Who but the government has the capacity to act as a First Amendment referee in these instances? At the core of the public debate principle is a conviction that any wealthy institution or individual can be as much an enemy of free speech and the public discourse as the government. The free market itself is a structure of constraint, just as governmental censorship may be, tending to channel, guide and shape how that speech will be exercised. The government already acts as a referee in matters of civil rights, low-cost housing, and in some countries, national health care. It also acts as a referee in matters of education, where the free speech implications are enormous. Why not in matters of the corporate media and the First Amendment?

A public debate principle makes a distinction between the "cheap" speech of individuals and small institutions and the "wealthy" speech of multinational corporations. Each of these should be guided by a different set of laws and policies. But the anti- censorship approach treats corporations like individuals. According to the anti-censorship rationale, as well as the conservative Rehnquist Court, the free speech of a single homeless mother is equal in the eyes of the law to the free speech of Di sney/ABC, as long as they both begin the race at the same starting line.

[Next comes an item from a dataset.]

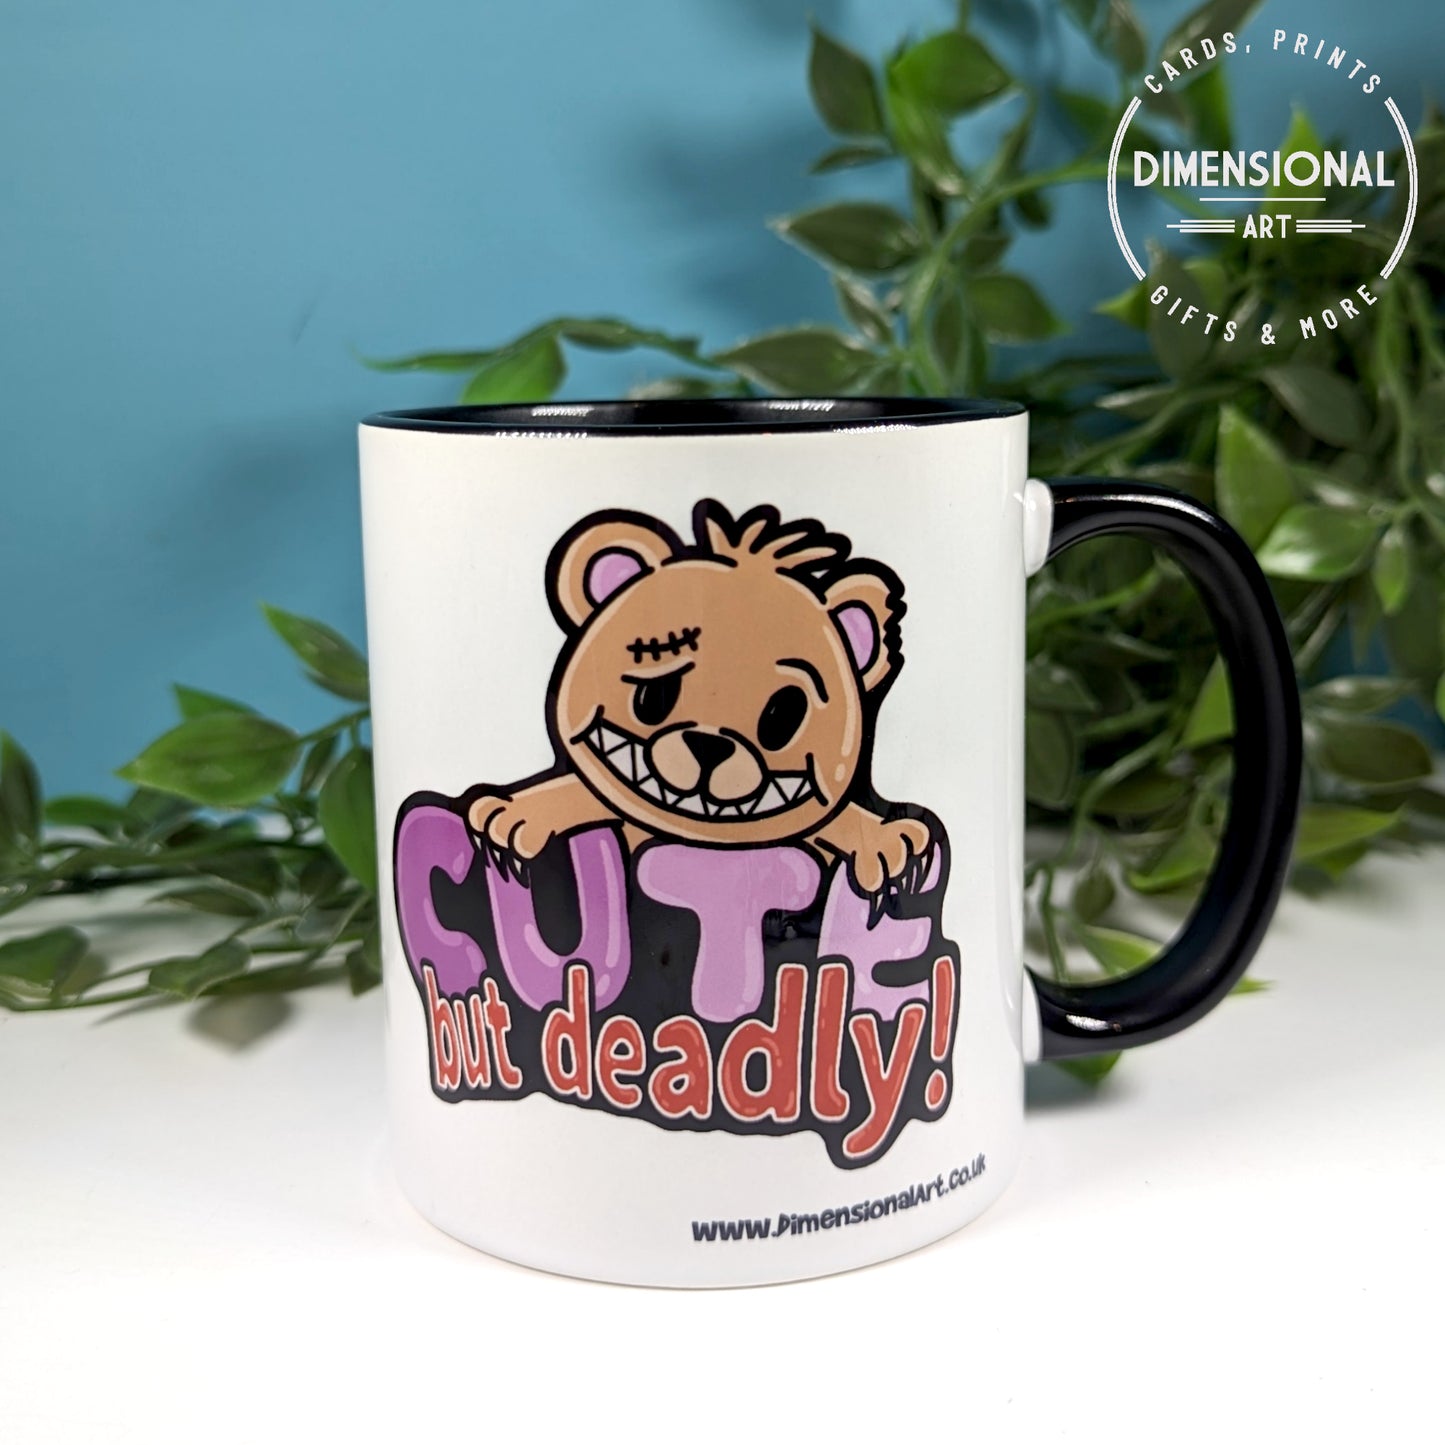 Cute but deadly bear Mug

Such a simplistic and fundamentalist view of the First Amendment turns this great doctrine into a battle between David and Goliath, with civil libertarians siding with Goliath.

These two First Amendment principles -- anti-censorship versus robust public debate -- increasingly stand in opposition to each other. They correspond to the heightened tension between those struggling for equality against those defending liberty. So civil libertarians and their well-meaning progressive allies sue one part of the telecommunications bill -- the decency provisions that they regard as censorship -- but are silent about the more damaging provisions -- the corporate monopolization of the public airways. Civil libertarians do not oppose the "NAFTAization" of free speech. In fact, their First Amendment jurisprudence has promoted it for years, since they have always thirsted more for liberty than equality.

The telecommunications bill could have inspired a major public debate about the domination of the public airways by multinational media conglomerates and the differences between cheap speech and wealthy speech. Instead, most of the attention was diverted and distracted by corporate sleight-of-hand to the ACLU's side show. Knee-jerk anti-censorship policies have become nearly as conservative as the policies they are trying to thwart. Yet many liberals and progressives unthinkingly adopt the anti-censorship argument even though it aids corporations, has enervated campaign finance reform, and hurts the cause of social justice and democracy, indeed of the First Amendment itself.

The decency standard of the Telecommunications Act should be opposed, but not because the government does not have a compelling interest at times in acting as referee in matters of speech. Rather, the entire Telecommunications Act ought to be opposed as an infringement on the public discourse and the First Amendment that is increasingly being dominated by multinational corporations and market forces. In an age when such corporations dominate the media, anti-censorship policies become the NAFTA of the industry.

If we are to imbue the First Amendment with democratic and egalitarian values, we will have to divest ourselves of the naive notion that Big Brother comes only in the guise of government or law enforcement bureaucrats. Big Corporation is watching you, and trying to gobble up all the public speech it can.